11. I Should Be Able to Mute America – Gawker Archives
A hilarious rant about the dominance of American culture online, and the impossibility of turning down the noise. Beneath the humor is something profound: how cultural imperialism now travels through memes, aesthetics, and algorithms. It made me wonder what “digital sovereignty” could even mean when the loudest country owns the feeds.
12. Can Large Language Models Develop Gambling Addiction? – Lee et al.
What it’s about: A research paper exploring whether LLMs exhibit gambling-like behavior like risk chasing, illusion of control, irrational betting. This one’s wild. It treats LLMs like lab subjects in a psychology experiment and finds eerie human parallels. It’s a glimpse into the cognitive shadow of our creations: how machines mirror our pathologies faster than our wisdom.
13. Thomas Peterffy: The Market Maker Who Changed Everything – Colossus
A deep profile of the Hungarian immigrant who automated Wall Street and became one of the world’s most powerful market makers. I loved how human this story was- brilliant, obsessive, suspicious of his own success. Peterffy’s paranoia feels oddly relevant in an age where markets are driven by black boxes. It’s a portrait of genius that can’t relax.
14. LLMs Reproduce Human Purchase Intent – Maier et al.
A study showing that language models can simulate human consumers with startling accuracy, predicting how real people would respond to brand surveys. This led to equal parts awe and dread. If models can mirror human intent this well, consumer research might soon become synthetic. It’s incredible science and an existential question about what happens when empathy itself gets outsourced.

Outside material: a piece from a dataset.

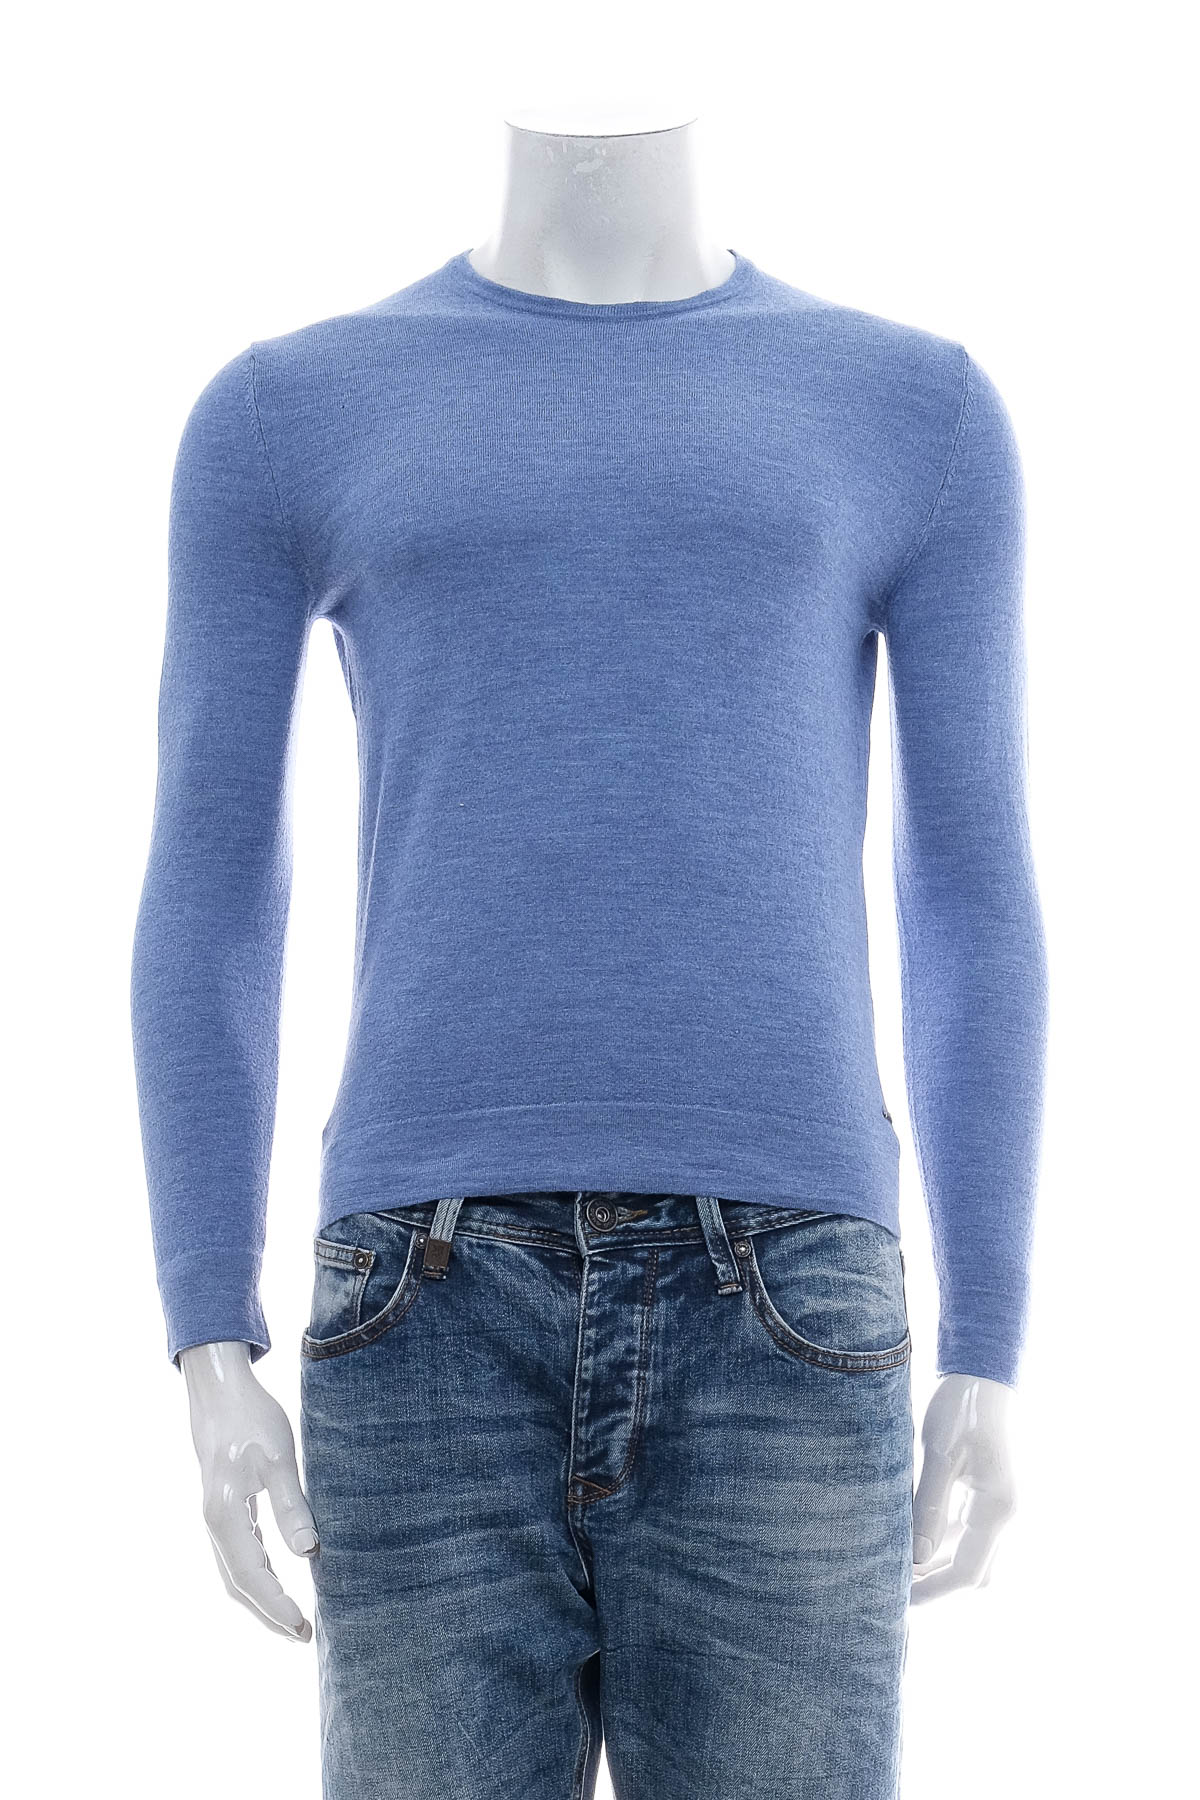 Men's sweater - Strellson - 0

15. Use This Map to Self-Evaluate Your Progress – Rich Decibels
A personal reflection tool that helps you measure growth without using metrics, more compass than checklist. I love ending with this one because it recenters the week. It’s a reminder that progress doesn’t have to be visible, measurable, or optimized. Sometimes it’s just movement in the right emotional direction.
This week’s reading list ended up orbiting a quiet but persistent question: what does control cost, and who pays for it?
From OpenAI’s legal paranoia to Uber’s accelerometer data exposing racialized road roughness, every piece circles the uneasy relationship between progress and power. We build systems meant to optimize the world, and then watch as they start optimizing us. Sometimes through convenience. Sometimes through exhaustion.
There’s a strange poetry to how these essays talk to each other. The B-lane swimmer learning to move at her own pace sits right beside Amy Coded’s confession about consumer fatigue. The rough roads of Black neighborhoods in America echo the invisible biases embedded in large language models. Even the studies on LLM addiction and synthetic market research ask a human question in disguise: when does learning become compulsion? When does simulation become replacement?
Reading them together reminded me that intelligence, human or artificial, means very little without restraint. That friction isn’t failure; it’s the proof that we’re still steering.